The reason assigned for this action was that abuses had crept into the observance of the feast, but the real cause was that the wealth and pride created caste distinctions in the Church and the wealthy refused to eat with the poor. For a time an effort was made to make the feasts suit the upper classes, and orchestras and choir singing were introduced, and the simple meal of the apostles became a bacchanalian feast. Then the very men, who thus perverted the Lord's Supper, used these abuses as an argument against the institution itself; and, as we have seen, after a long time succeeded in having it set aside.


Why was it that no attempt was made to correct these abuses? This was done, but pride and wealth carried the day. The principle was lost sight of in the general demand to have the feast set aside, and the Councils weakly gave way to the popular clamor for a change. So it has been in all ages of Christianity. So it is today. The truth is set aside to please the carnal mind. One by one the practices of the apostolic Church, feet-washing, trine immersion, the love-feast, and other practices of the primitive Church, were set aside to meet the demands of those who were not willing to follow the Master in all things.


The Brethren in their reformatory movement sought to introduce again primitive Christianity. They have so far succeeded, but unless care is exercised, history will repeat itself and popular demand will result in setting aside many of the plain and simple commands of the Master. If abuses creep into the Church, let us correct them and not sacrifice the principle that is abused. There is about as much wisdom in such a course as was displayed by the man who, to destroy a few vermin that lodged in his house, set fire to it and destroyed the whole structure.

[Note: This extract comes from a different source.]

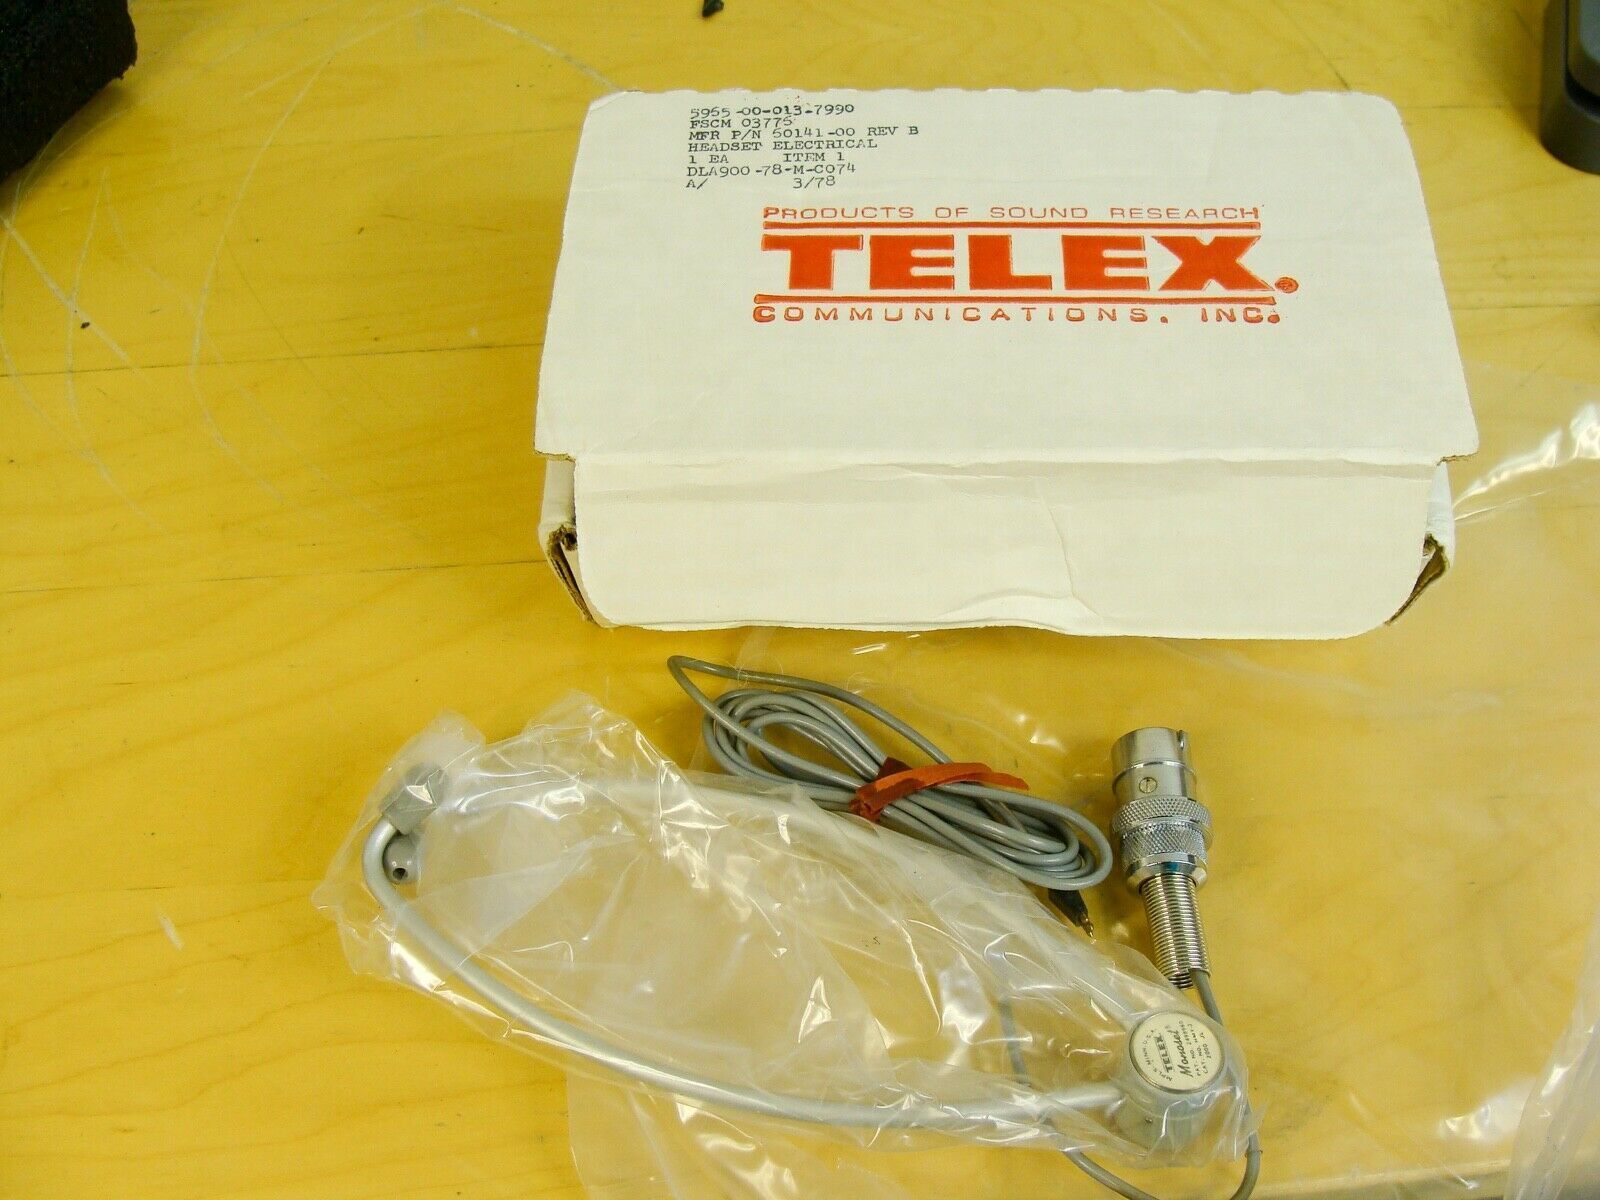 Telex Headset Electrical For Military NSN 5965-00-013-7990 P/N 50141-00 Rev B

We close by quoting the eloquent language of our dear Bro. James Quinter, when speaking on the subject of the Lord's Supper. He says: "In celebrating the Lord's Supper, in the light in which we view it, while the sacred emblems, the bread and wine, representing the body and blood of the Savior, remind us of his death for us, and point us to his second coming, this feast of love may be regarded as a representation of the great Marriage Supper of the Lamb, which is to take place when the Savior comes, and his people shall gather themselves together from the East, and from the West, and from the North and from the South, and sit down in the kingdom of God. O my friends, do not believe that anything commanded by the Lord is a mere formality. If it be sustained that a thing is of the Lord, it cannot but be admitted that it must have good effects, if properly observed. And in this ordinance, this feast of charity, we find there is a power, there is a benefit, there is a utility; and for these reasons, — because we believe it to be commanded by the Lord, and because we have practically seen and felt its beneficial effect, — we contend for its observance in accordance with the custom of the apostolic church. I believe that in all things, the more closely we adhere to the practices of the apostolic church, the better. And if that is to be our model, then we must have a feast of charity; we must have something else that we can eat together besides the sacred emblems of the Communion."